Instructions to follow:
From top to bottom, retype the data exactly, passing over any picture.
*** Supplied material Section Begins ***
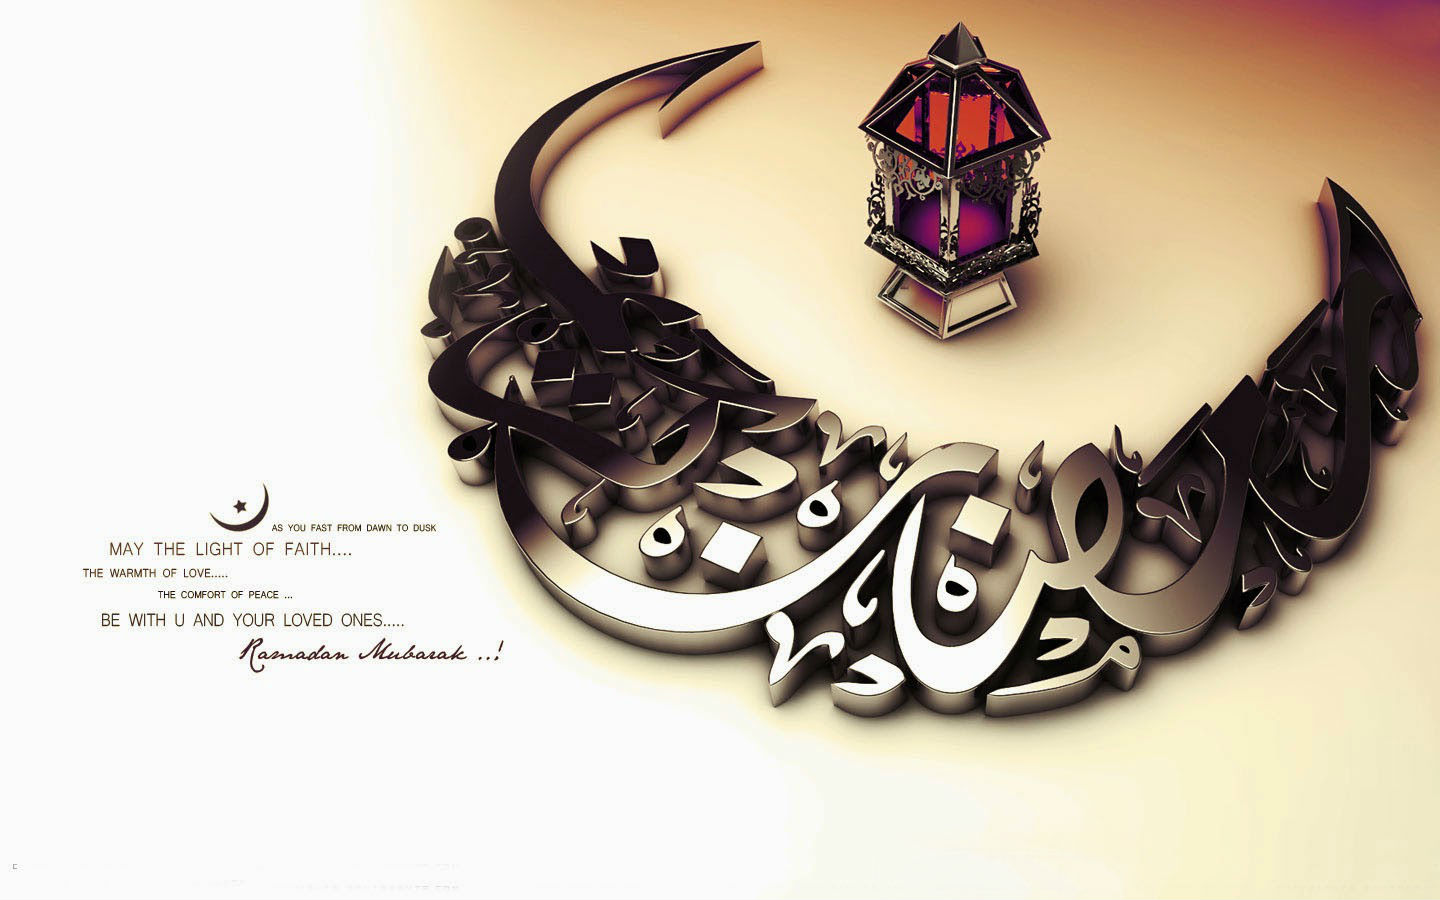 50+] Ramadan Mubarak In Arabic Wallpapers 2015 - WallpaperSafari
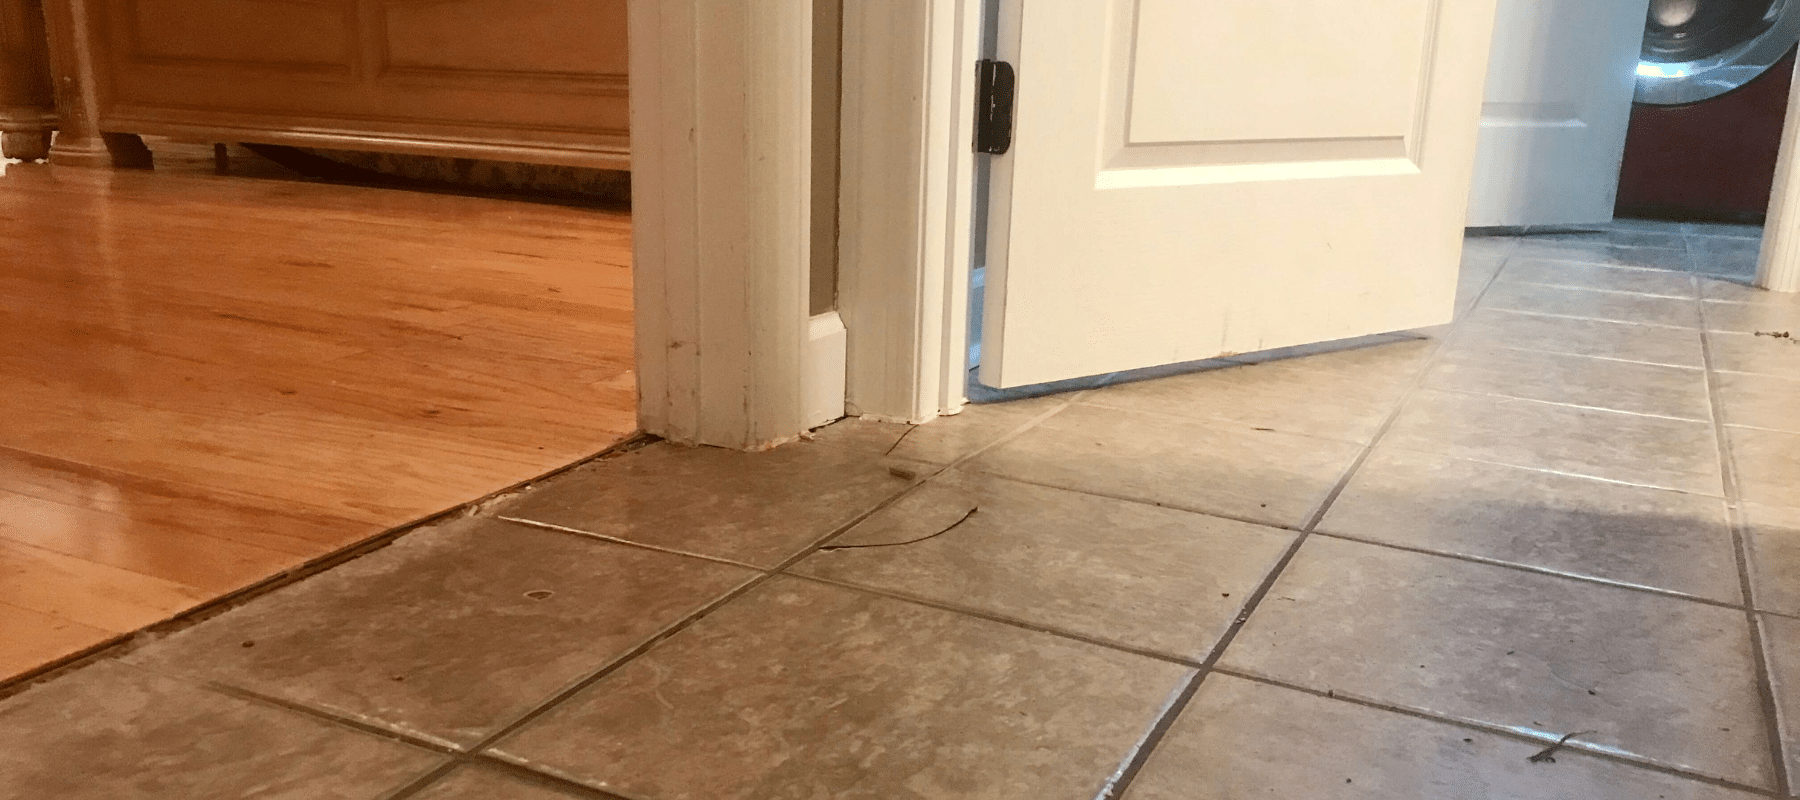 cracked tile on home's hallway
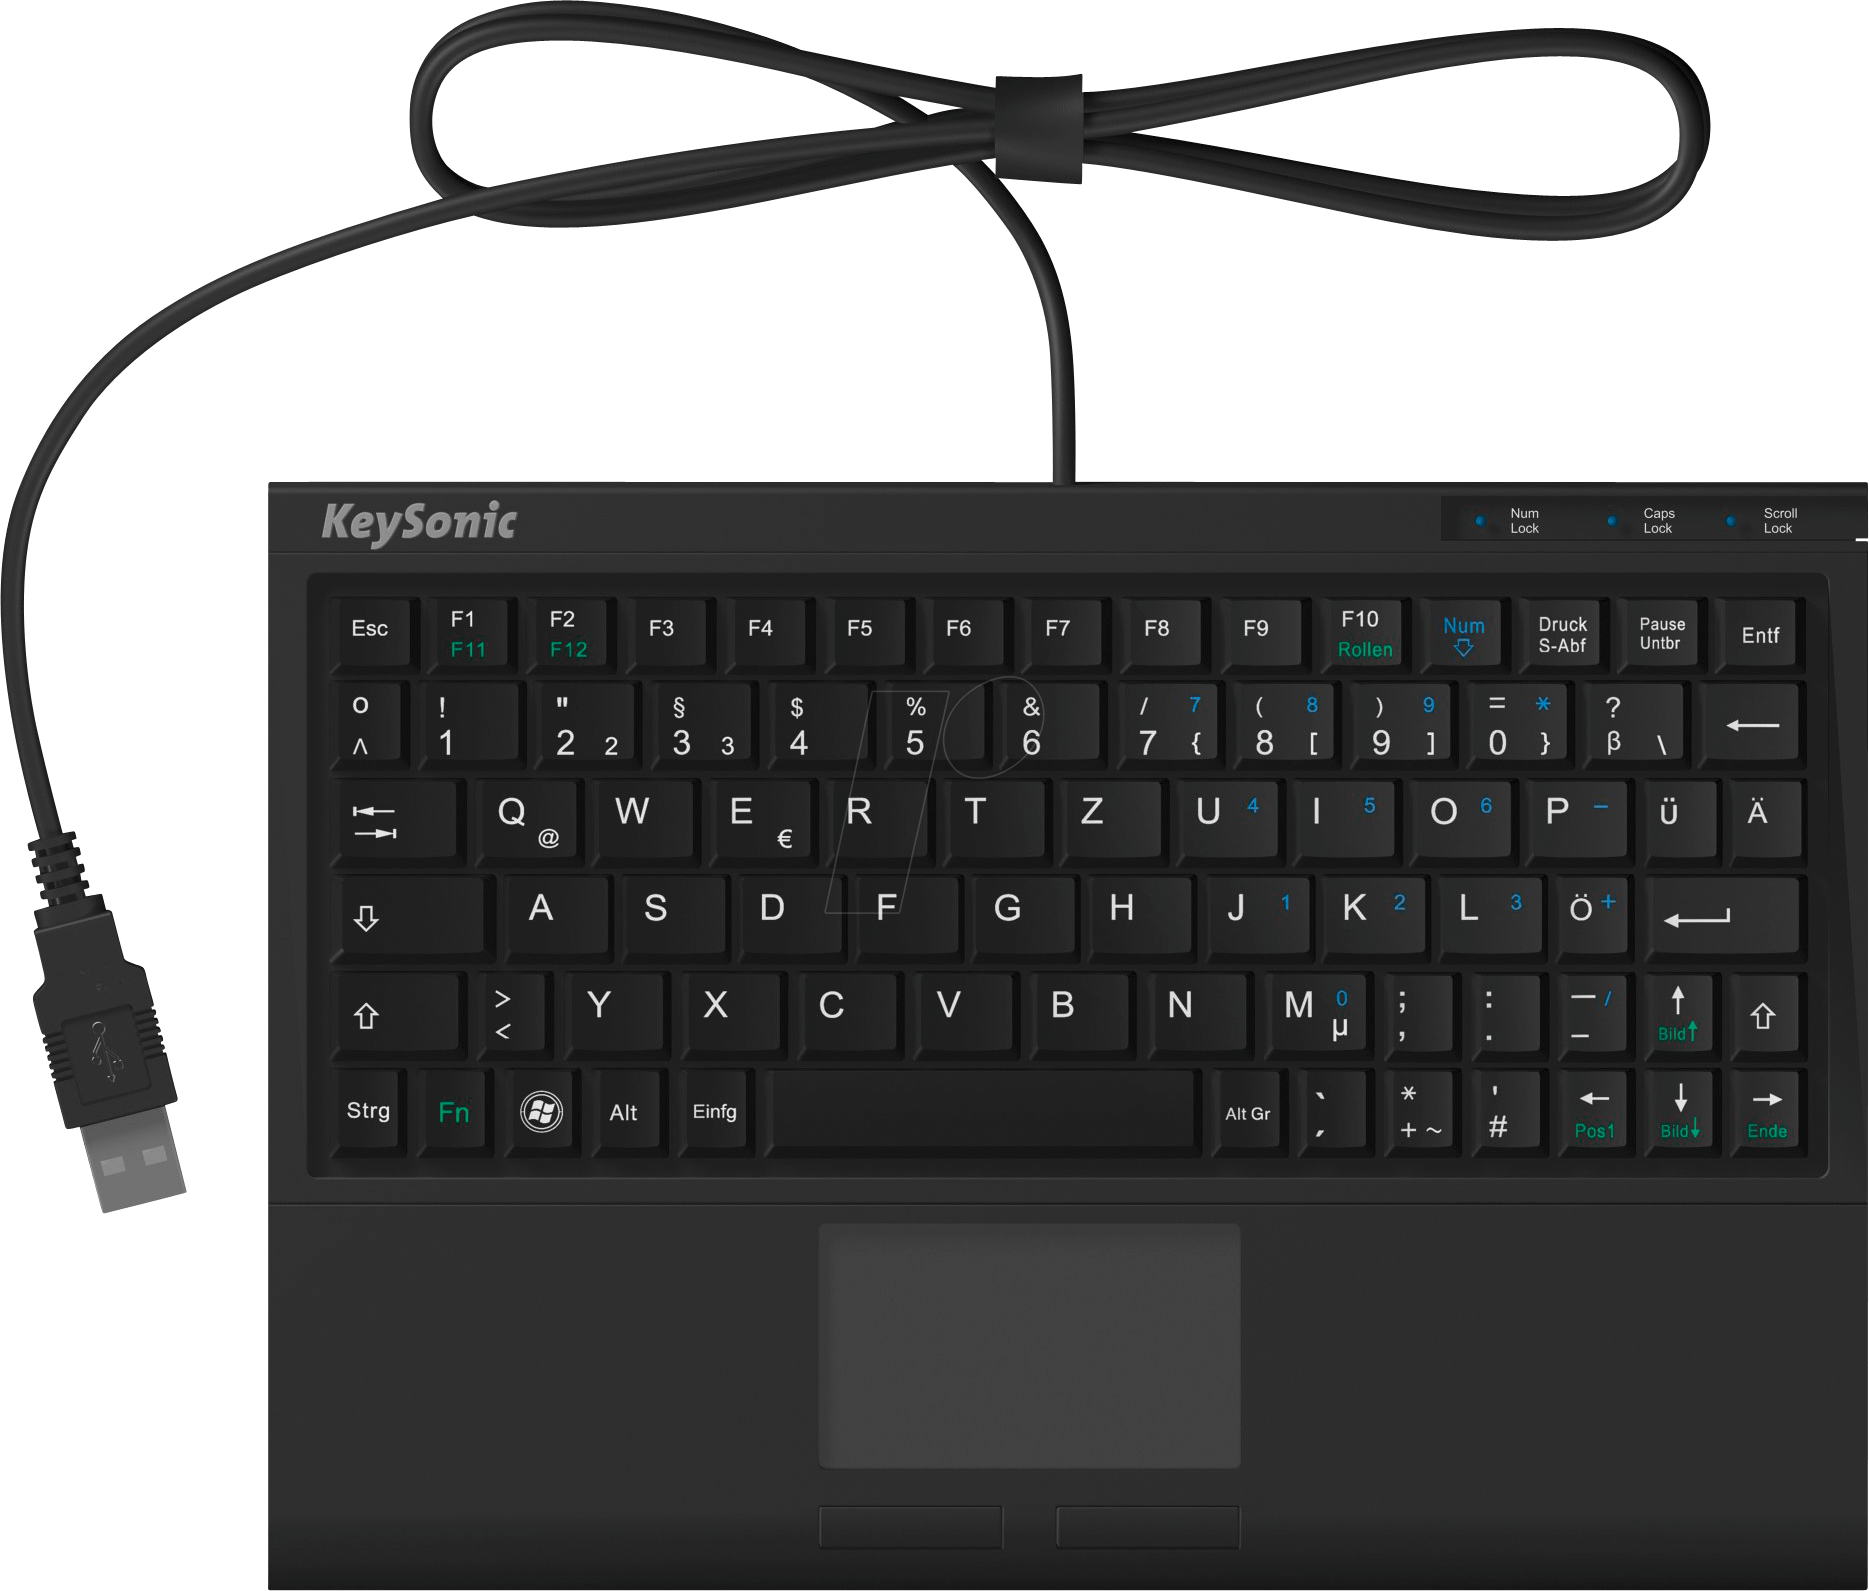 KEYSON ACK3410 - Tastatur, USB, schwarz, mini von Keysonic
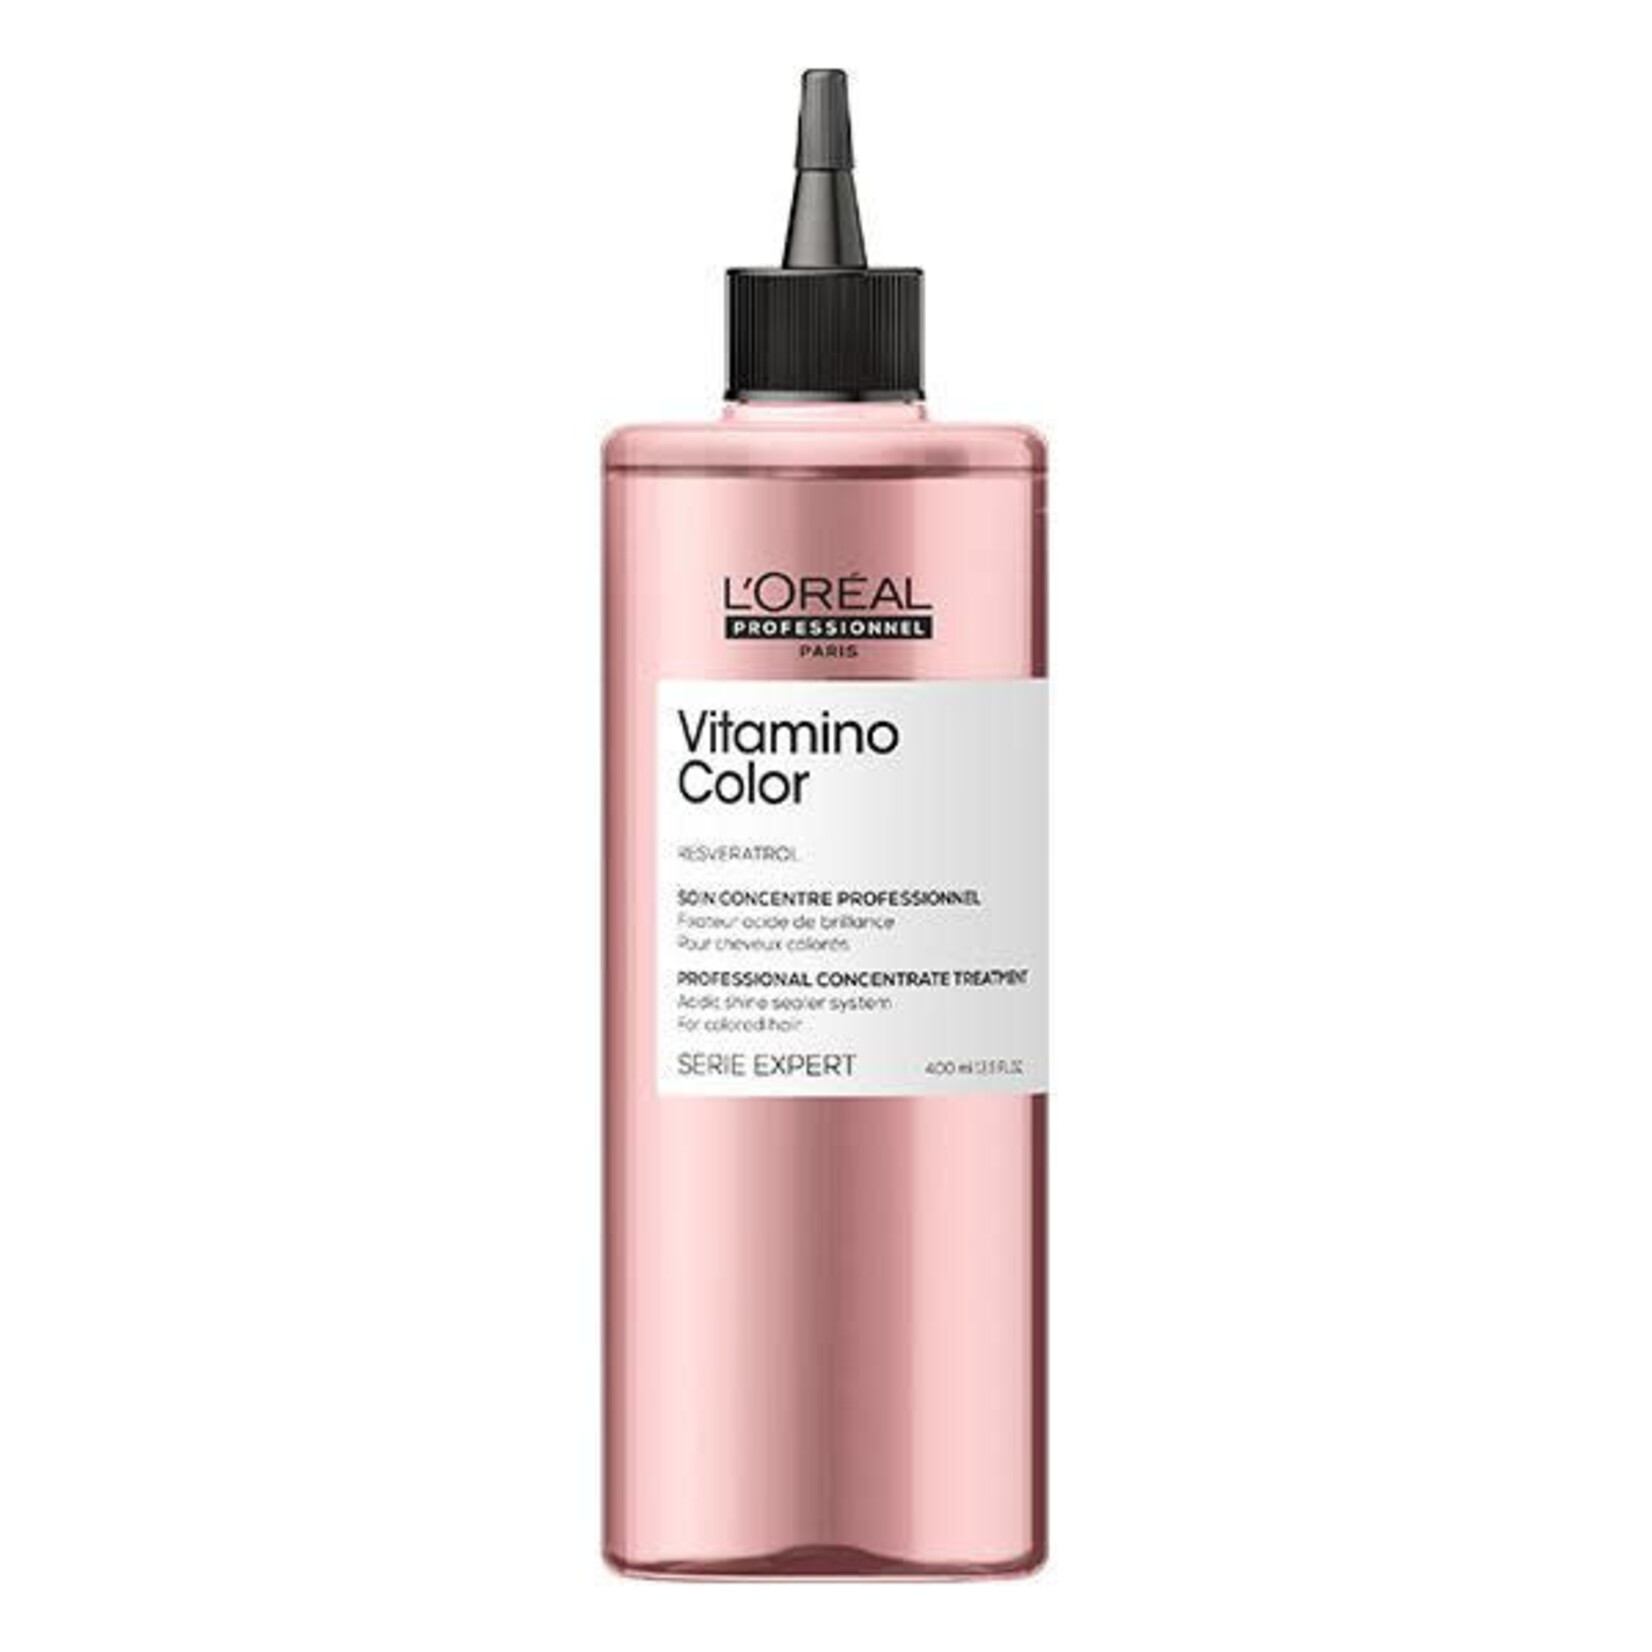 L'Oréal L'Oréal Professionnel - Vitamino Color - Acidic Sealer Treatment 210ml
*** Supplied material Section Ends ***
Response to the exercise:
 50+] Ramadan Mubarak In Arabic Wallpapers 2015 - WallpaperSafari
 cracked tile on home's hallway
 KEYSON ACK3410 - Tastatur, USB, schwarz, mini von Keysonic
 L'Oréal L'Oréal Professionnel - Vitamino Color - Acidic Sealer Treatment 210ml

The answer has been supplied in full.